● **YOUR GOAL**
Find the line with "Biohazard Sign Symbol" in the entries below, then reproduce it and every line after it down to and including the line with "Clear Head Alcohol-free IPA", exactly.

● **INPUT DATA**
-*-

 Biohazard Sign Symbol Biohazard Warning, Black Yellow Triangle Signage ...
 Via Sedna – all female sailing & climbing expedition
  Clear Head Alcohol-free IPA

-*-

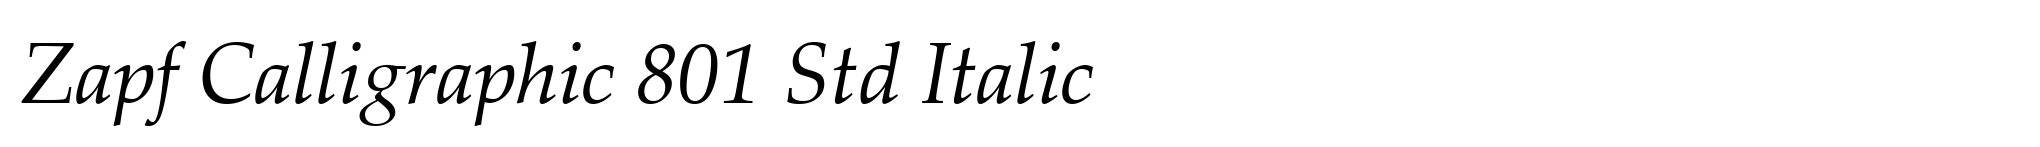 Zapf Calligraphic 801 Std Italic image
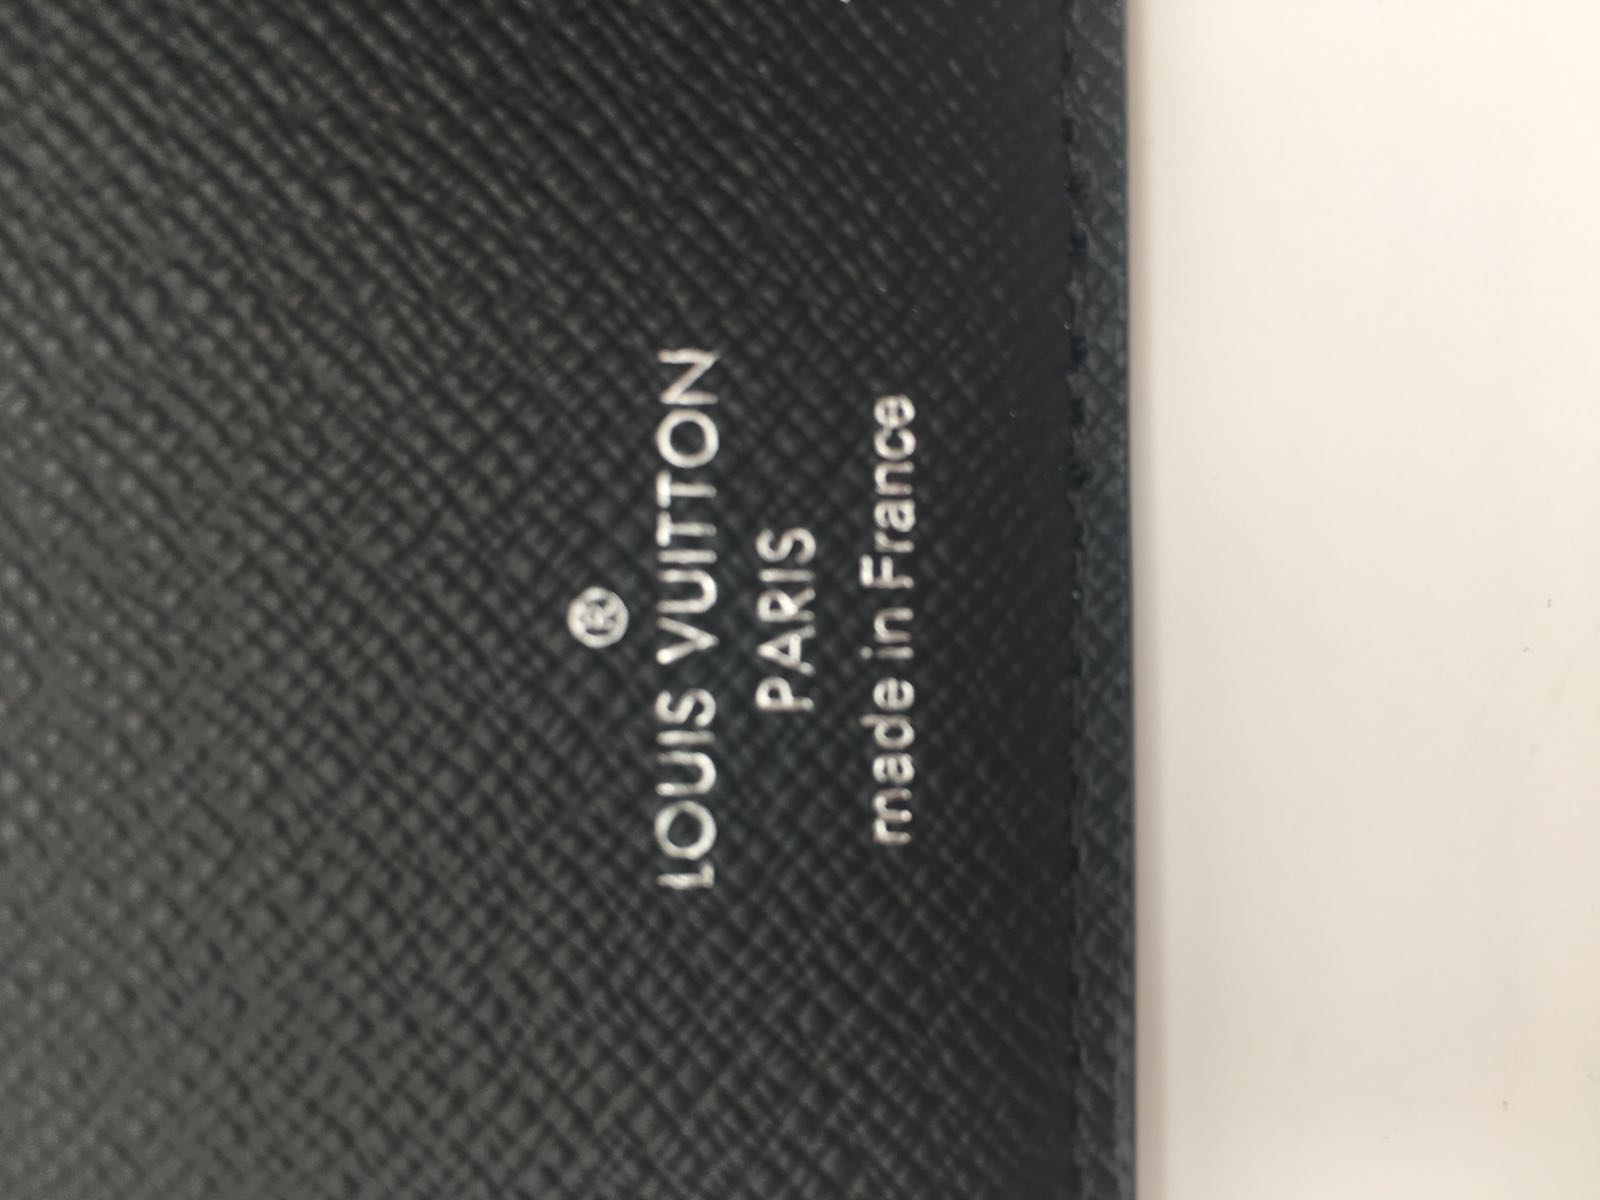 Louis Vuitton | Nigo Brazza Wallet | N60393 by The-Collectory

-*-

● **SOLUTION TO THE EXERCISE**
 Biohazard Sign Symbol Biohazard Warning, Black Yellow Triangle Signage ...
 Via Sedna – all female sailing & climbing expedition
  Clear Head Alcohol-free IPA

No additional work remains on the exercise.